Done @amarynets. Thanks for your suggestions! :) π
@lopuhin , can you please look into this?
http://www.example.com/?a=0&a=2&b=1&c=3#fragment
data = {'a': 1}
Looks like it's wrong request. I tested it by Postman and got 400 status code As far as I know all data from GET form should be sent by query string and duplicates of keys can exist because on the server it will be transformed to list. More detail info on SO
@amarynets thanks for review! Could you please clarify what you mean here? I didn't quite understand what data = {'a': 1}
means here. I agree that duplicate GET arguments are possible and we should preserve them, but not add new duplicates. Do you mean it's not handled correctly in this PR? If yes, could you please clarify which case is not handled correctly?
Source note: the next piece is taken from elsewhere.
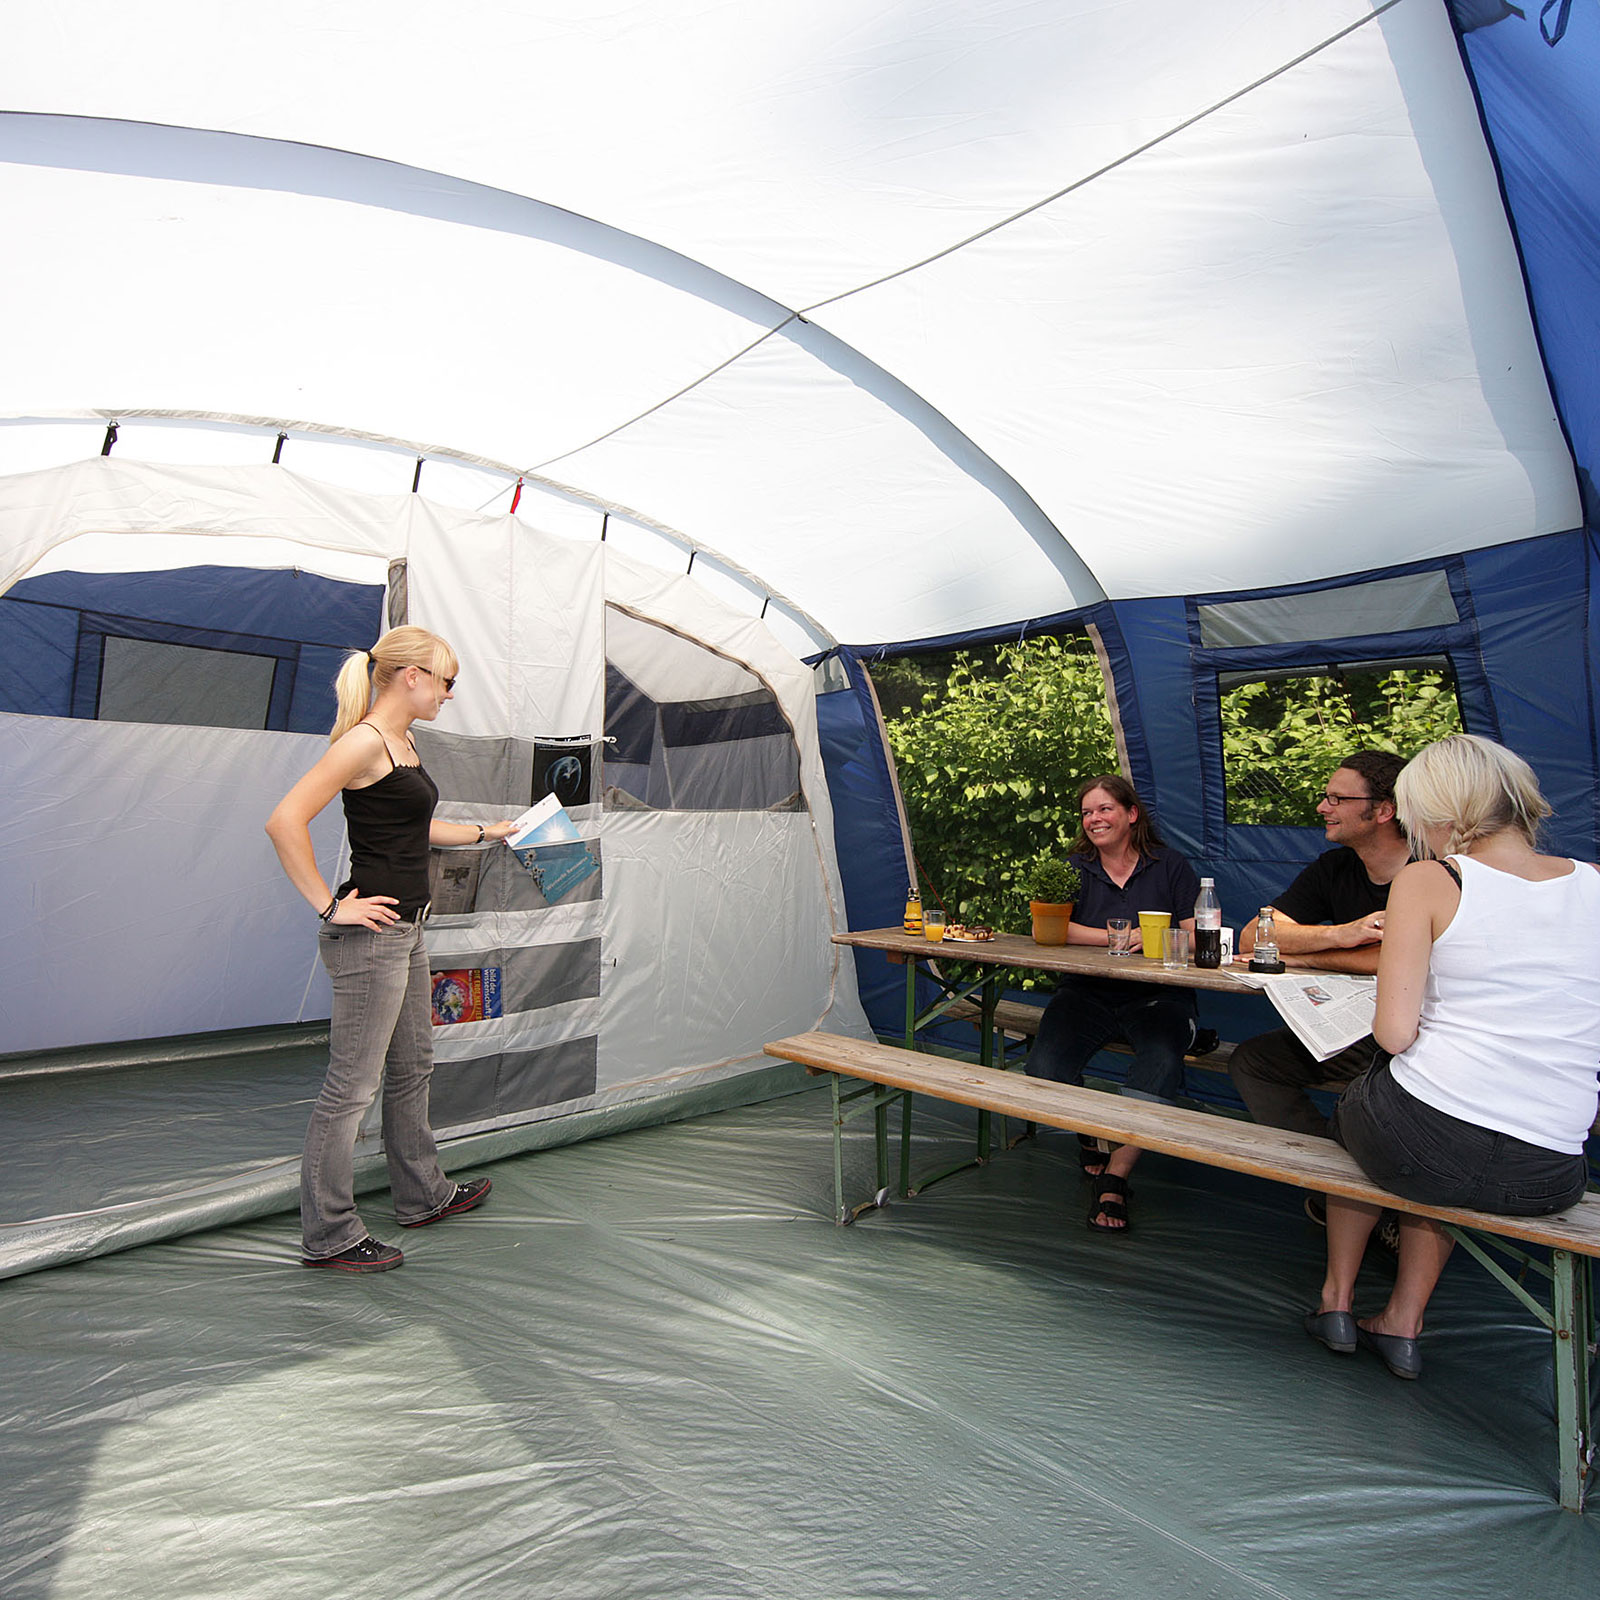 skandika milano 6 pers tente camping familiale 580x410. Black Bedroom Furniture Sets. Home Design Ideas

@maramsumanth I see that some duplicate cases are checked in tests, but could you please add an explicit test for the case then there is a duplicate GET argument and that it's preserved when we add another unlreated argument? (it seems this is not tested directly).
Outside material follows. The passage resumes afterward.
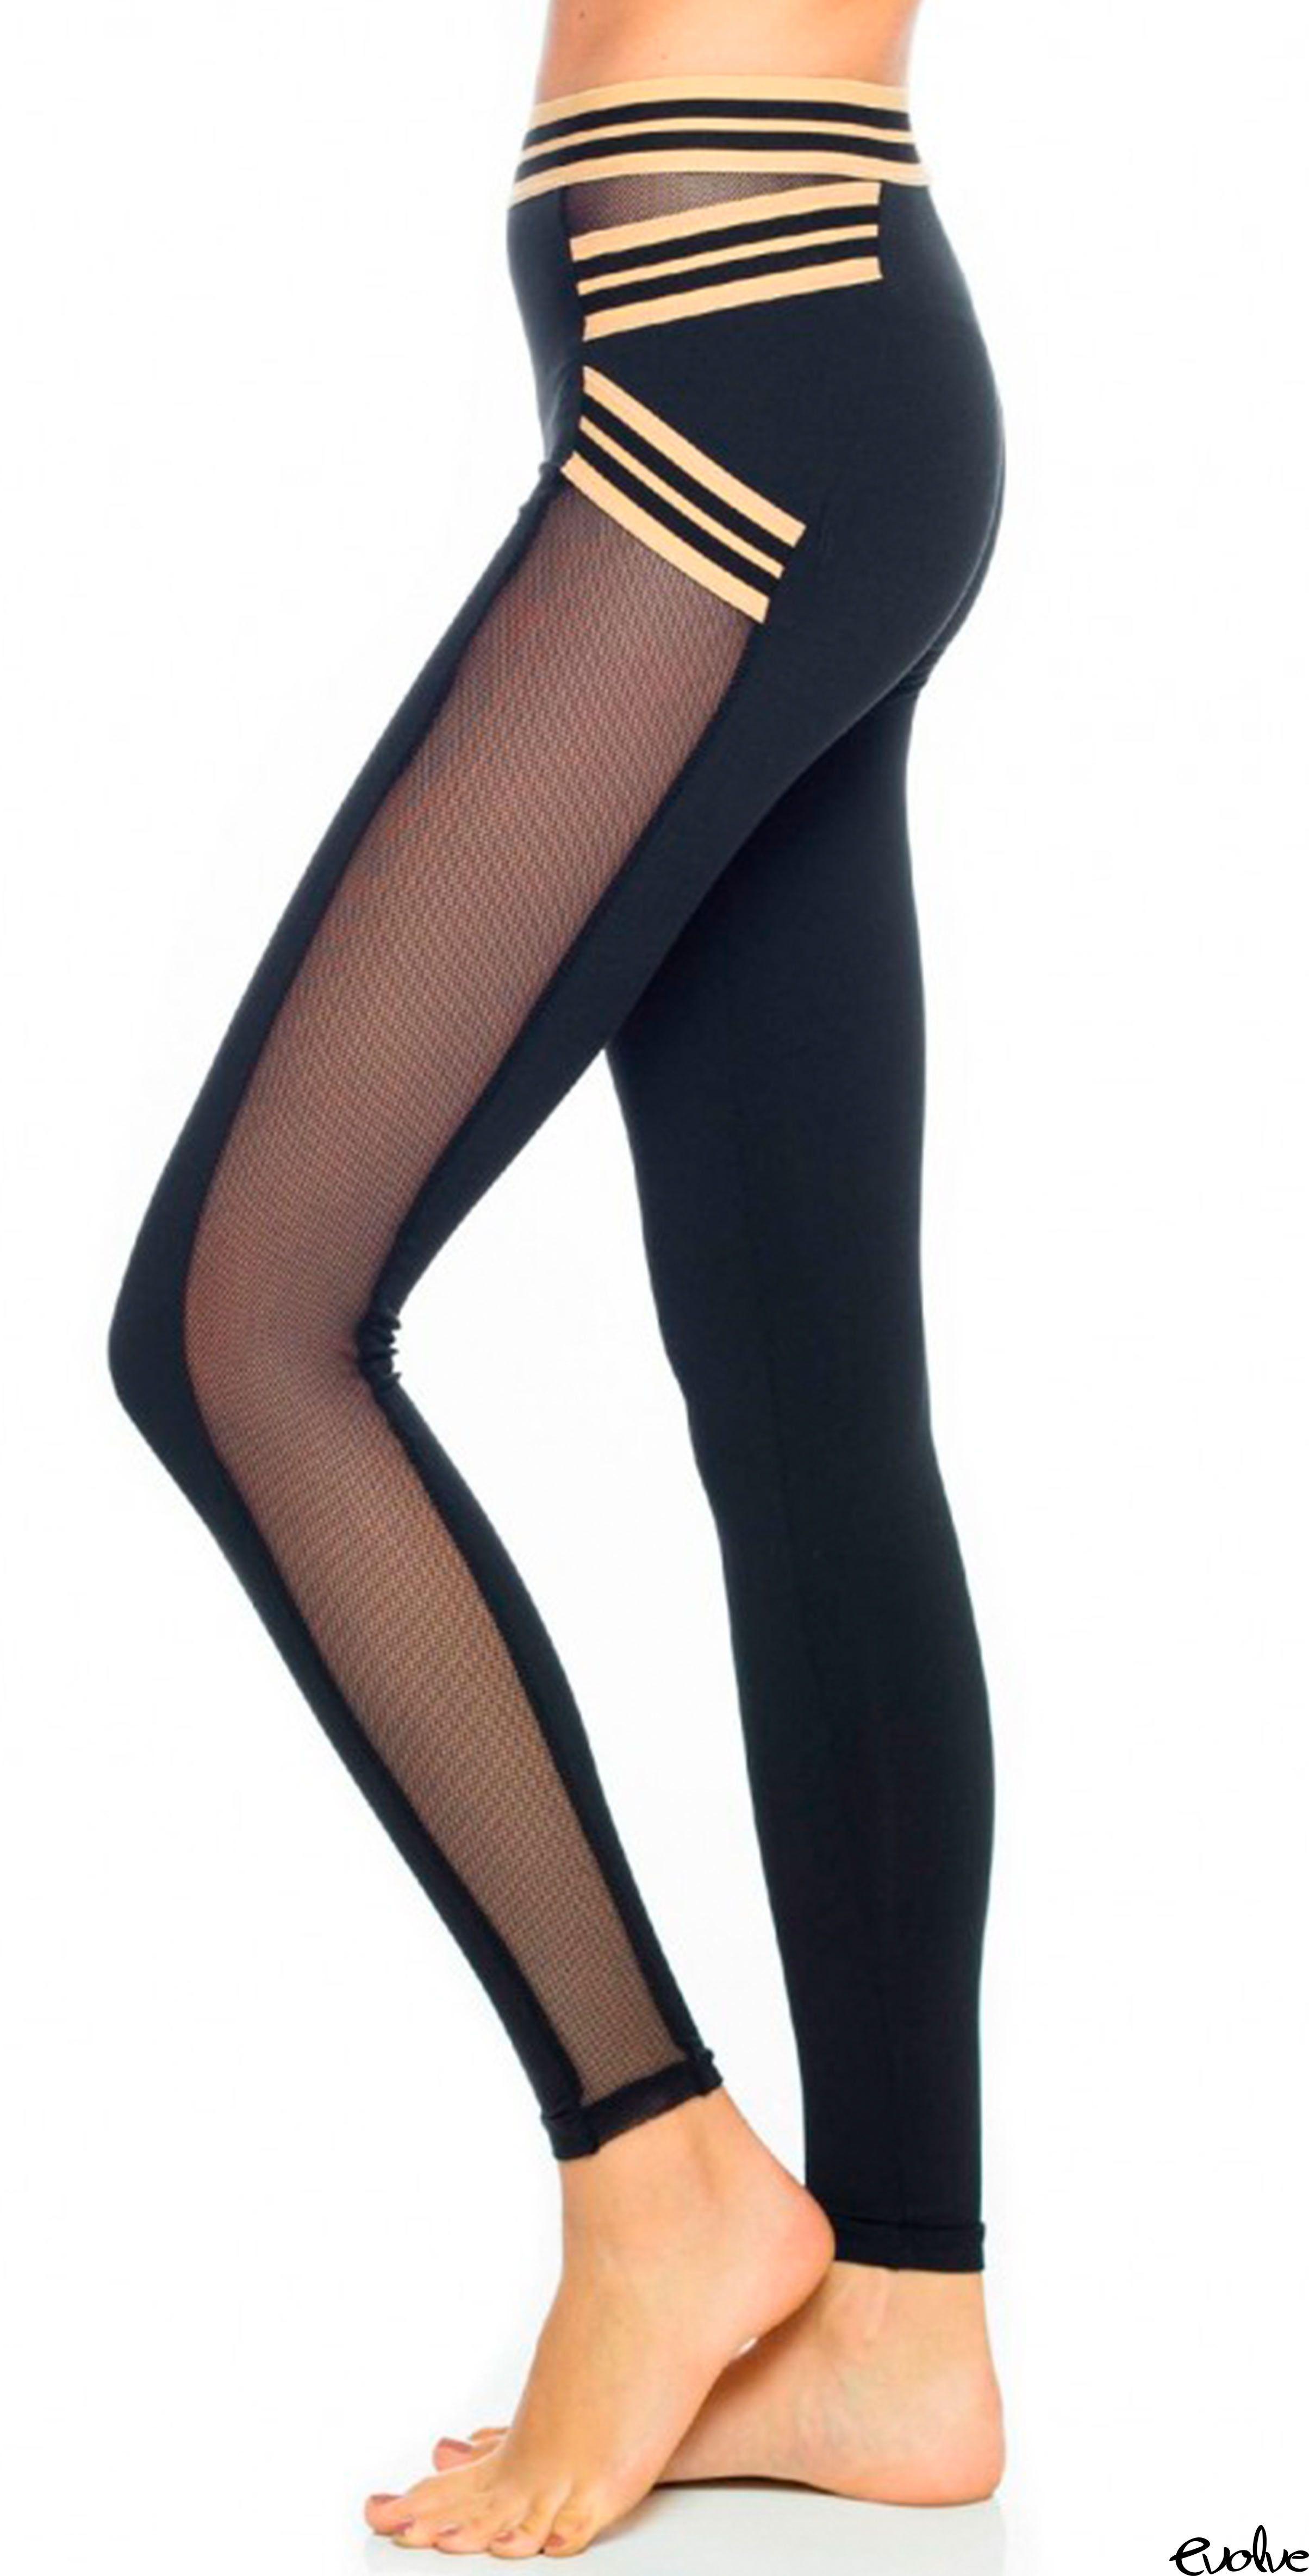 37bb97530e370 Blue Life Fit Sporty Legging. Shop now at www.evolvefitwear.com. Ropa

@lopuhin Thanks for your review. I have made the changes :) :+1:
@whalebot-helmsman @lopuhin. I have made the necessary changes, can you review?
I think code will be much easier to read if you rename querystr
to form_query_str
and query_str
to url_query_str
Done @whalebot-helmsman :+1:
@amarynets @lopuhin @maramsumanth I think FormRequest
behaviour should mirror browser behaviour. To test browser behaviour I create simple HTML file https://gist.githubusercontent.com/whalebot-helmsman/a6c3d2eb78ae57a072af11f8b726ff83/raw/3f281be8ce0f08ea5d81deb443c816b6fbe846f3/forms.html. You can download local copy and test. In case of GET form request both Chrome and Firefox drop url_query_str
from URL and add form_query_str
.
@maramsumanth Based on browser behaviour I proposed to change implementation in current PR. You up voted this proposal and didn't apply proposed changes. Is there something what prevent you from applying these changes?
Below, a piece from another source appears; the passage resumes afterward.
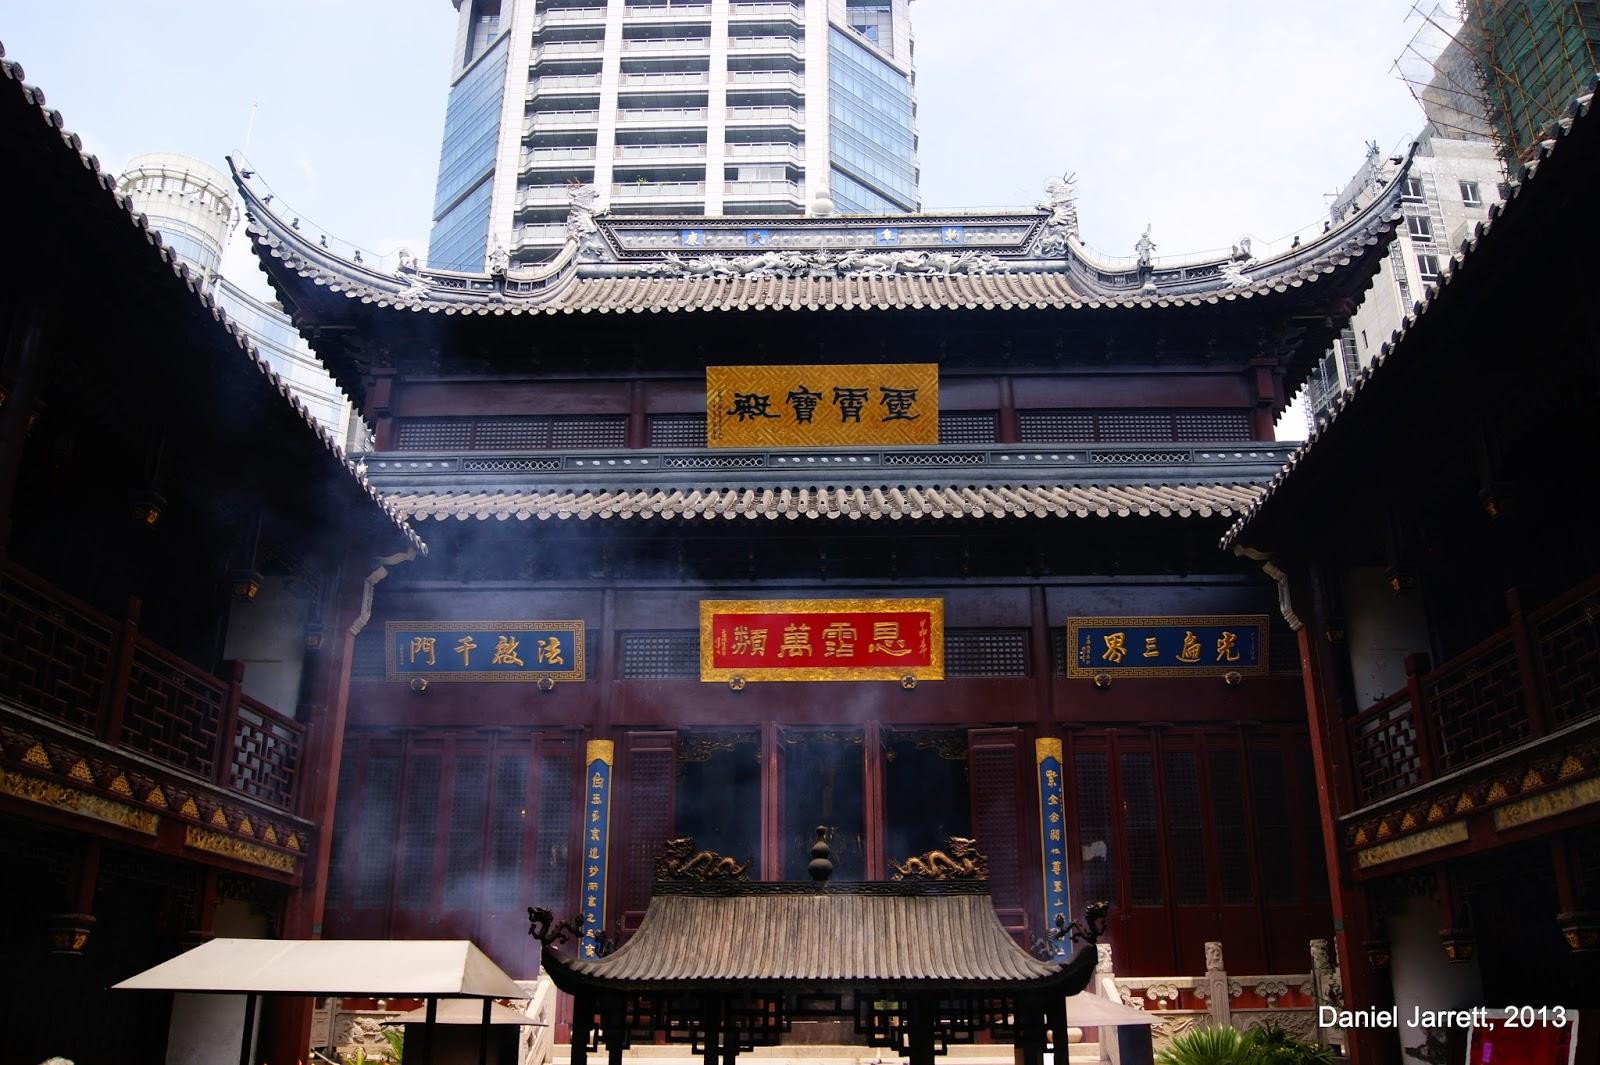 Baiyun Temple

Thanks for reminding me @whalebot-helmsman. I was working on the Redirect Middleware part of scrapy.
Coming to this PR ,I was little bit confused. In the following example:-
FormRequest('http://example.com/?id=9', method='GET', formdata={'id': '8'}).url
should give
'http://example.com/?id=8'
i.e it should replace the value if same key is found. It is working as it should. Can you give me detailed explanation of what is the problem. :)
Thanks
@whalebot-helmsman , can you please look into this so that I can work on it ASAP. :+1: :)
I referenced HTML file as example. It has two forms. First one uses GET request, has a
and b
as keys and targets http://example.com/f?a=1&d=2 URL. After you click Submit
button you get to http://example.com/f?a=3&b=2. Browser not only replace value for a
key, but drop value for d
key. Reformulating in terms of python structures we got
FormRequest('http://example.com/?id=9&smth=a', method='GET', formdata={'id': '8'}).url == 'http://example.com/?id=8'
I have Ubuntu OS in which I am using chromium browser.
But for FormRequest('http://example.com/?id=9&smth=a', method='GET', formdata={'id': '8'}).url
my output is 'http://example.com/?smth=a&id=8'
which is != 'http://example.com/?id=8'
Above thing is handled in the last part of tests that I have written in this PR. Does chromium and chrome browsers behave differently?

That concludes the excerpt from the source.